Friendly Cove, also known as Yuquot, is a history-filled destination. Anchor anywhere in the cove in 10-75 feet, leaving plenty of room for the Uchuck III supply boat to get to the pier (do not anchor between the buoy and the dock). Holding is only fair and swells (and fishing boat wakes) can make the anchorage uncomfortable. Garbage drop is available on the pier but no other services are available.

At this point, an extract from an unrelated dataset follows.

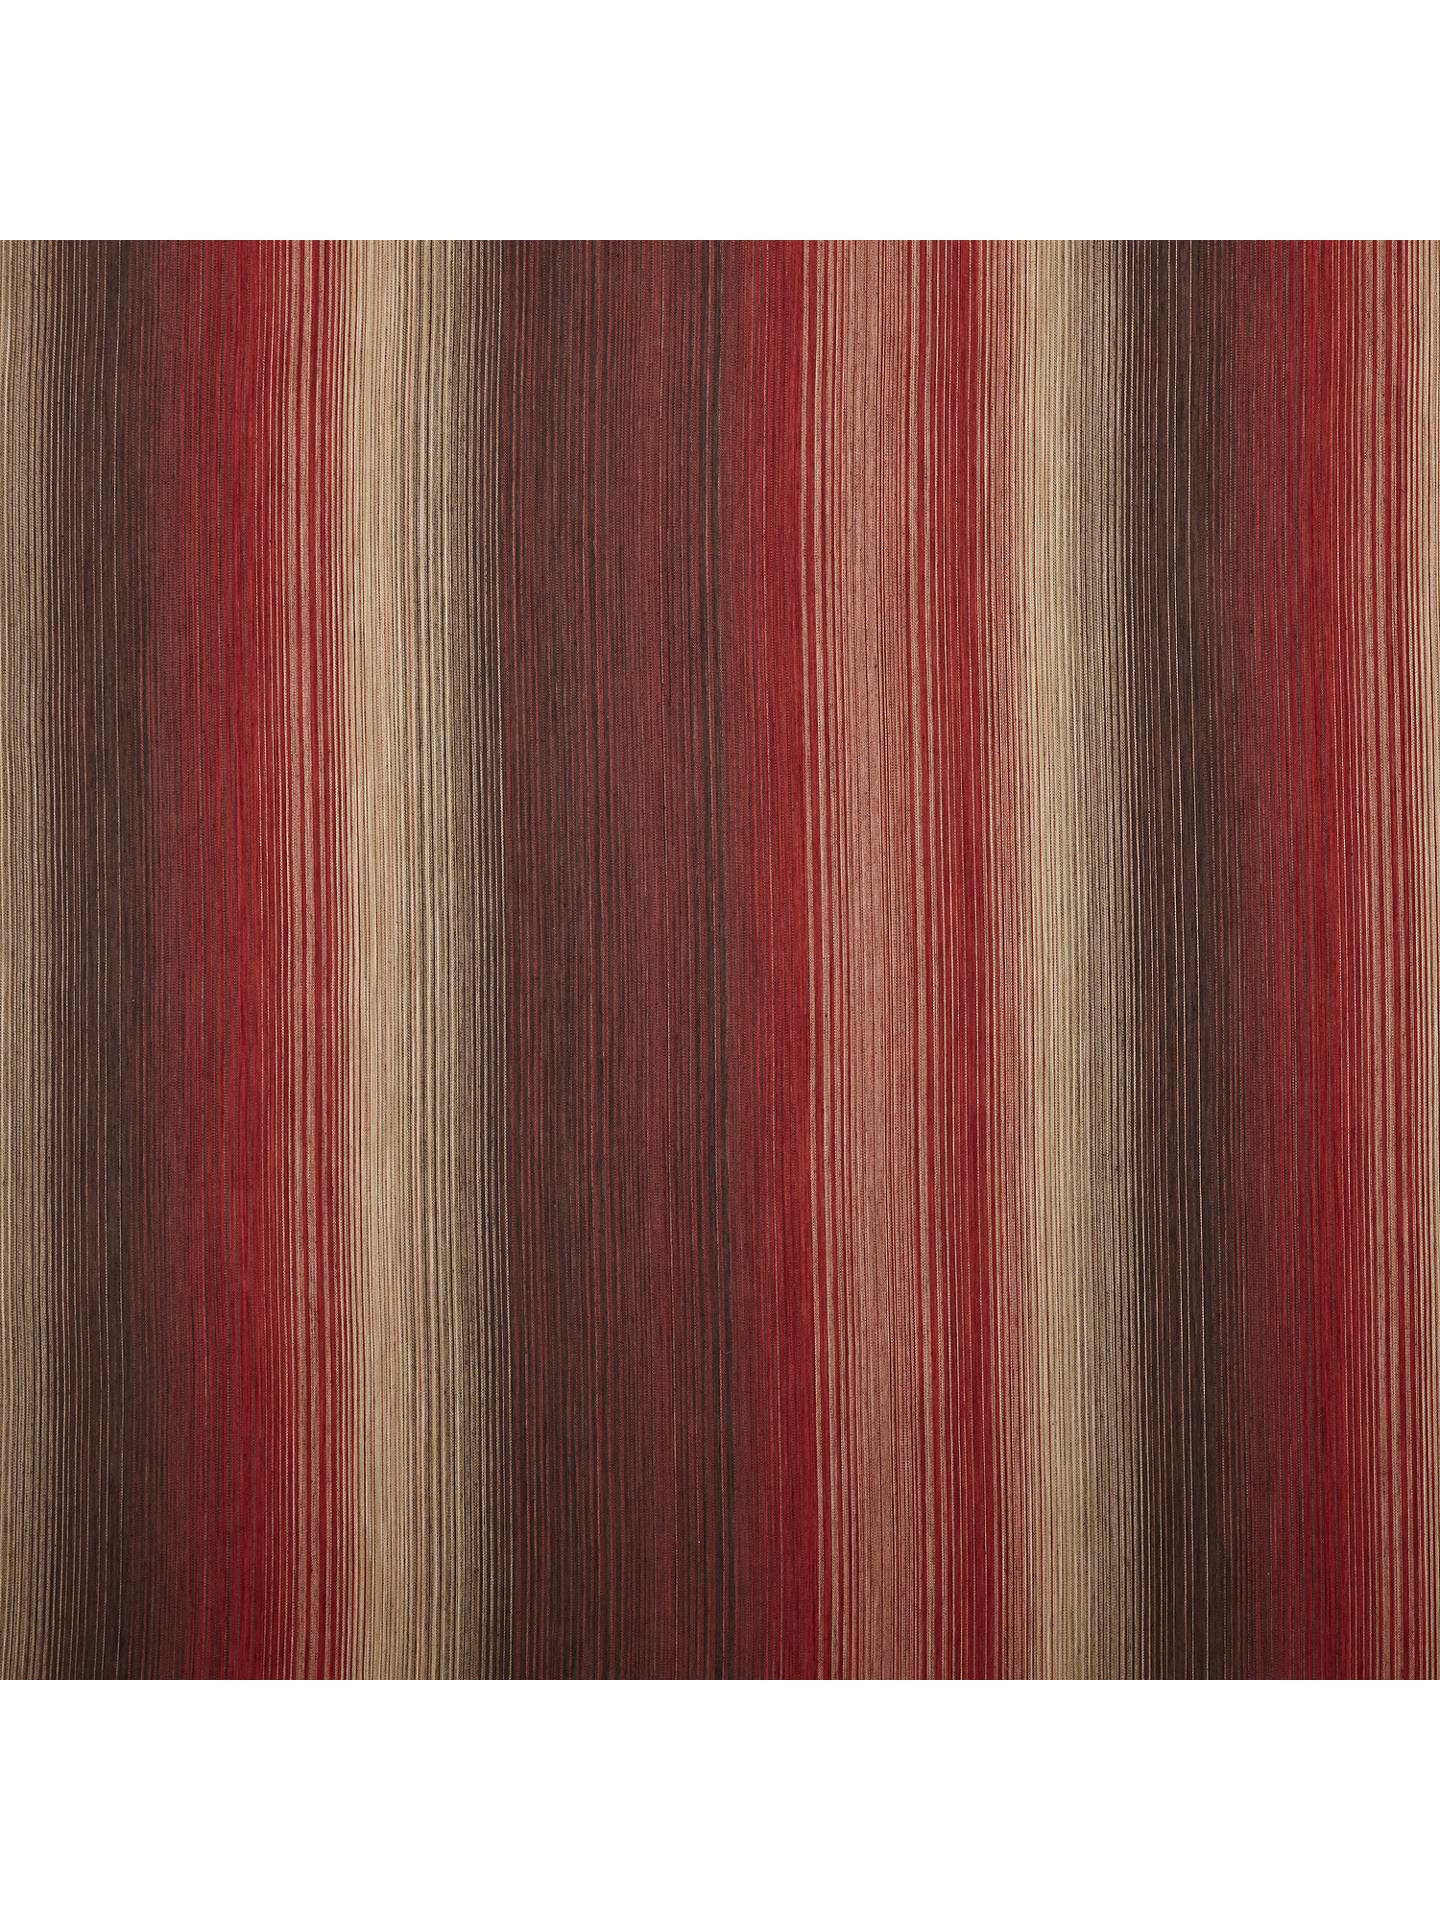 John Lewis Partners Horizon Stripe, Red Stripe Curtains Uk

Lat/Lon: {49.59325942221889,-126.61725371925615}


Anchorage/Holding: Fair
Mooring Ball: No
Dock: Yes
Protection: Poor
Public/Private: Public
Fee: Yes
Fuel Available: No
Potable Water: No
Electric: None
Garbage: Yes
Pumpout: No
Maintenance: No
Groceries: No
Laundry: No
Liquor: No
Transportation: No
Cell Service: None
WiFI: No

The dock is open to the public, although space is usually limited and swell can make it hazardous. Fees are assessed for landing in a dinghy or tying to the dock.

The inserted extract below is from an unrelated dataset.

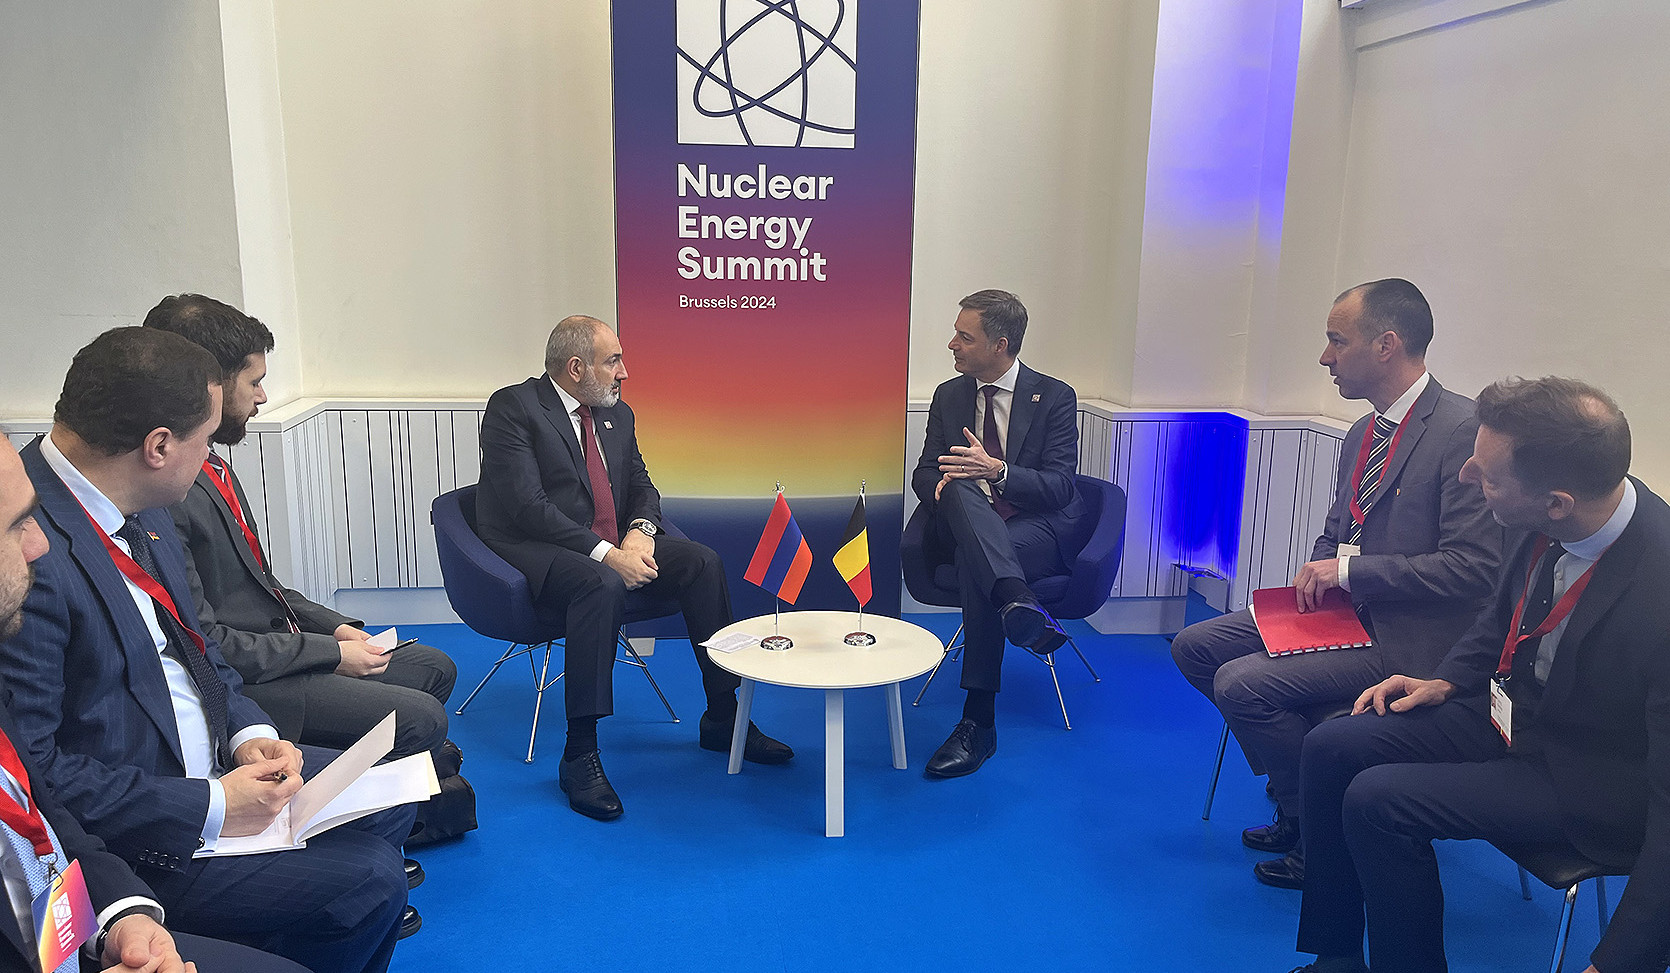 Никол Пашинян представил премьер-министру Бельгии проект «Перекресток мира» и его принципы

Slowboat Tips and Activities

Explore the light station, church, cemetery, and lake.

Entry/Exit Hazards

Photo Gallery


Only a few people live here now — The Williams family of the Mowachaht band, and two lightkeepers — but Yuquot was once the summer home of Chief Maquinna and the Mowachaht/Muchalaht people, housing approximately 1,500 natives in 20 traditional wooden longhouses. In the late 1700s, Spain, Britain, Russia, and the United States were all competing for control of the west coast of North America, including Vancouver Island. By 1789, Spain claimed sovereignty over Nootka Sound, constructing the settlement of Santa Cruz de Nuca and Fort San Miguel in Yuquot. Throughout the summer of 1789, Spanish troops from Fort San Miguel seized non-Spanish ships and crews who arrived in Nootka Sound. Eventually tensions over these actions escalated into the Nootka Crisis and war between Spain and Britain was a serious threat.

Three Nootka Conventions, negotiated between 1792 and 1794, resolved the crisis. Friendly Cove/Yuquot is where Captains Vancouver and Bodega y Quadra met in 1792 to hash out some of the details. The Convention for Mutual Abandonment, signed in 1794, settled the issue for good. Both countries agreed that neither country would construct permanent settlements in Nootka Sound, both countries could use Nootka Sound as a port and for trading, and they would work together to ensure no other country claimed sovereignty of Nootka Sound.